Officials say there are no reported illnesses tied to these products, but the recall was issued because the manufacturer could not assure sterility. The FDA labeled the action a Class II recall, meaning use of the products may cause temporary health effects but serious outcomes are unlikely.
Recalled products
– Sterile Eye Drops AC
– Eye Drops Advanced Relief
– Dry Eye Relief Eye Drops
– Ultra Lubricating Eye Drops
– Sterile Eye Drops Original Formula
– Sterile Eye Drops Redness Lubricant
– Sterile Eye Drops Soothing Tears
– Artificial Tears Sterile Lubricant Eye Drops
Consumers who have any of the listed products are advised to stop using them and discard them. CVS said the four items it sold were discontinued nearly a year ago and that customers can return affected products for a refund. Other retailers are managing the recall and directing customers on next steps.
Experts emphasize that while no infections have been reported, recalls can undermine public confidence in medications. Gary Novack, PhD, a clinical professor and ophthalmic product consultant, noted that the recall reflects uncertainty — the manufacturer reported a sterility issue, but there’s no confirmed contamination or identified microbe. Sylvia Groth, MD, an ophthalmologist and medical director, said recalls worry clinicians because they can erode trust and complicate future treatment recommendations.
Prescription eye drops are not included in this recall; patients should continue using prescribed medications for glaucoma, dry eye, infections or other conditions unless told otherwise.
Background and risk factors
Health officials point to past incidents where contaminated eye drops caused serious infections. A 2023 outbreak linked to tainted eye drops led to more than 80 infections and four deaths in the U.S.; investigations found contamination with antibiotic-resistant Pseudomonas aeruginosa and manufacturing lapses. Experts have noted that temporary pauses in FDA inspections during the COVID-19 pandemic may have allowed some manufacturing problems to go undetected.

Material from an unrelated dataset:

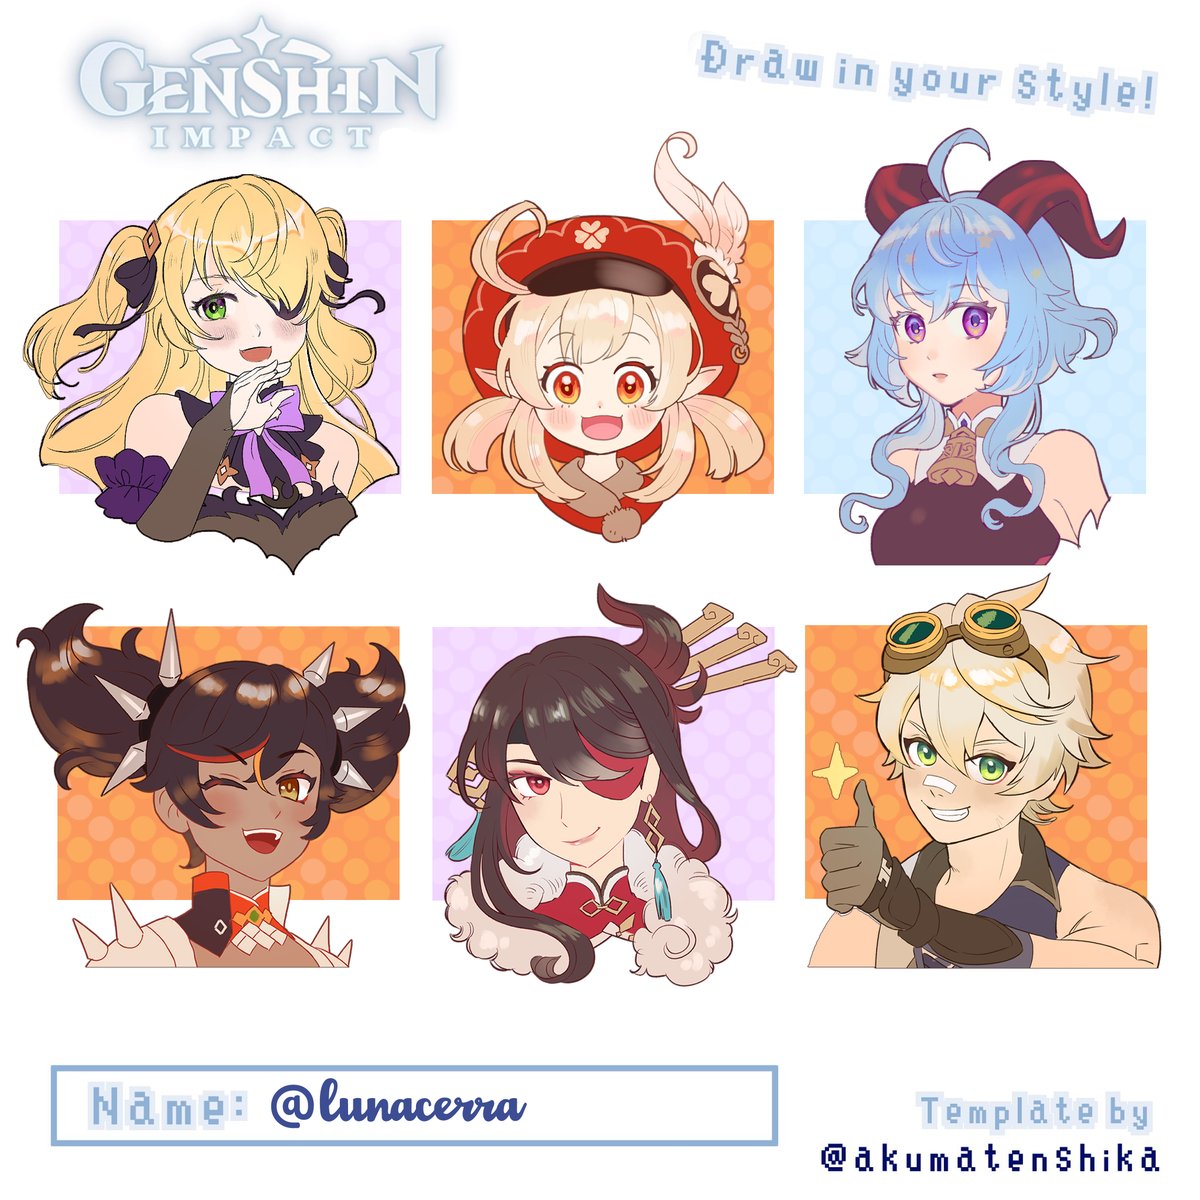 Cyn Shop Open Finished Genshin Impact Draw In Your Style Based On Your Suggestions Most Likely My Last Drawing In Genshinimpact Genshinimpactfanart T Co Vsnw1xxkrc
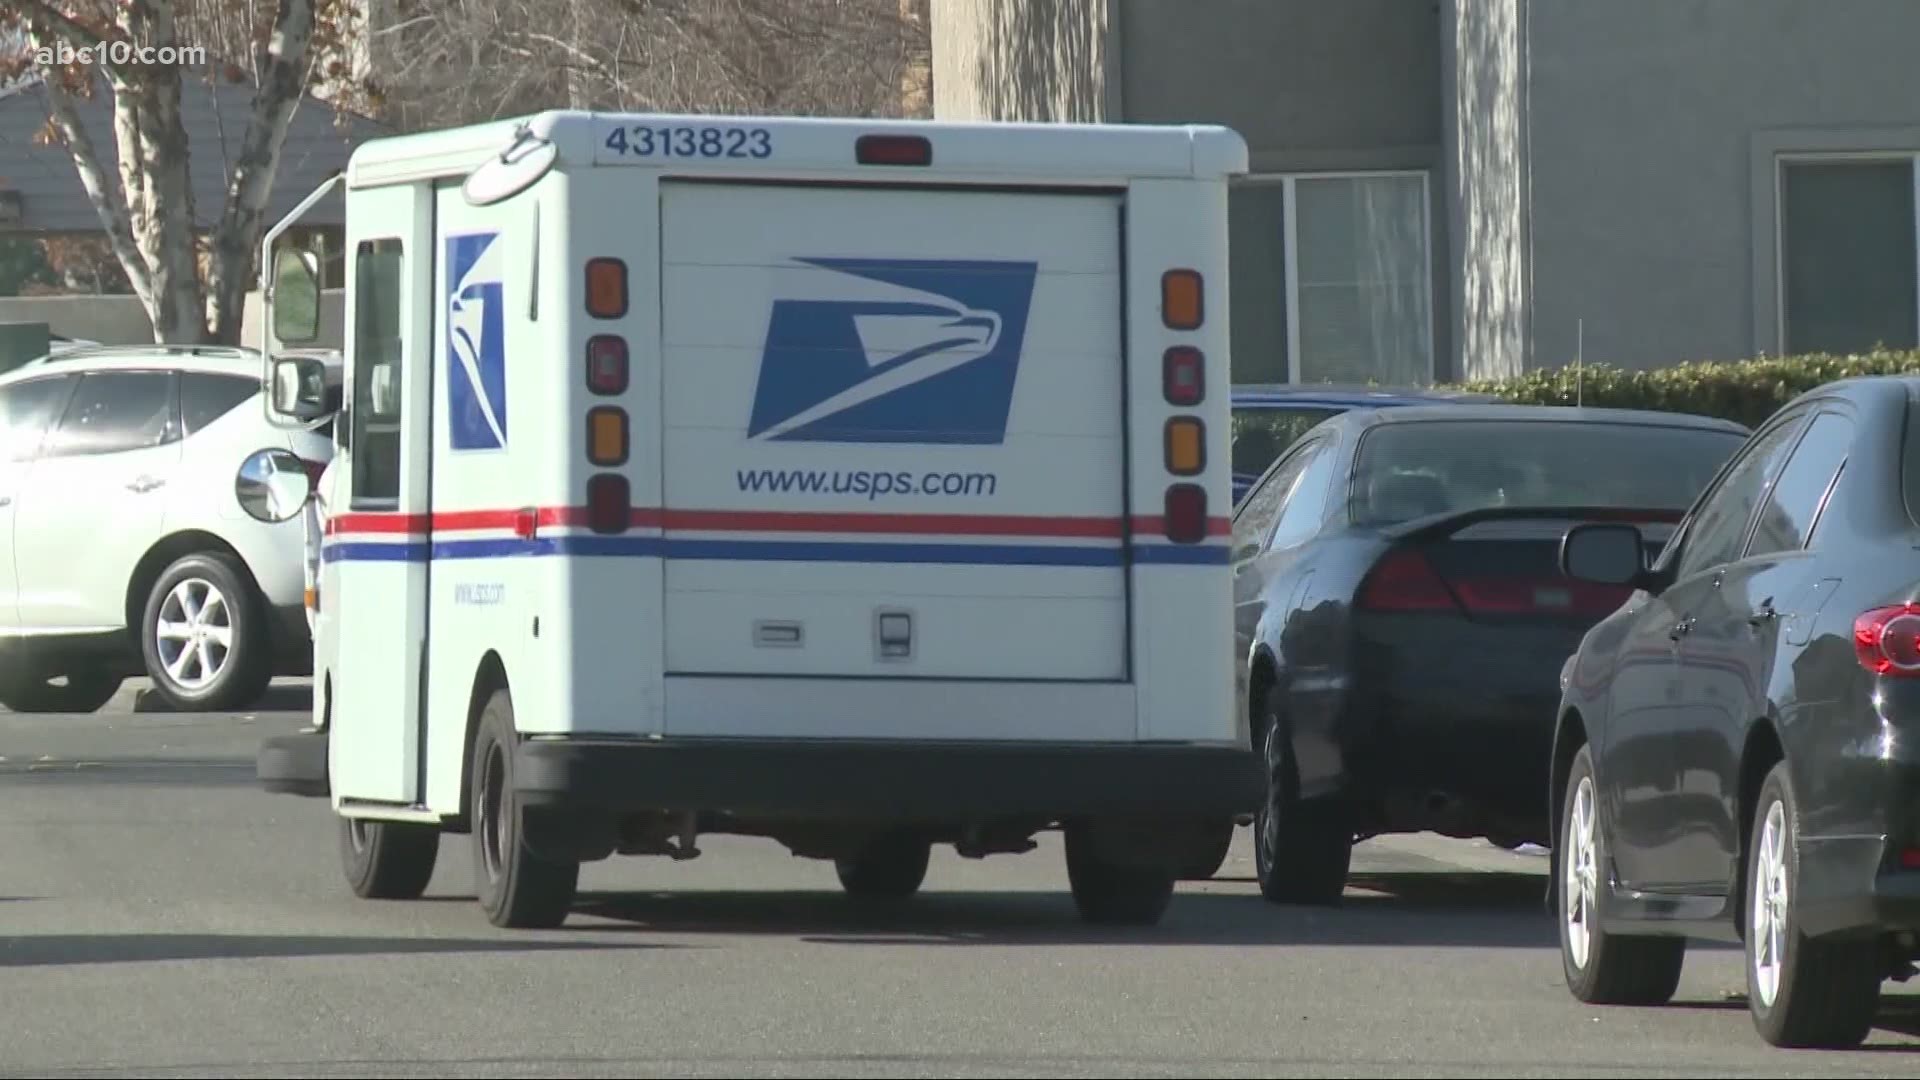 The postal workers union says mail volume is up 50 percent and are still waiting for emergency relief funding to be passed.

Signs of possible eye infection
If you used one of the recalled products and develop symptoms, seek medical attention. Watch for:
– Eye discharge
– Pain or discomfort
– Redness or inflammation
– Blurry or decreased vision
Those symptoms can also reflect allergies or other noninfectious conditions, so monitor how symptoms evolve and consult a clinician if they worsen or do not improve. Contact lens wearers are at higher risk for complications because lenses can cause small abrasions and harbor bacteria.
How to reduce risk when using eye drops
– Wash your hands before applying drops.
– Avoid letting the tip of the bottle touch your eye, eyelashes or any surface.
– Discard single-use vials immediately after use.
– Choose reputable brands or follow a doctor’s recommendation.
If you’re concerned you may have used a recalled product or are experiencing symptoms, contact your healthcare provider or local pharmacy for guidance.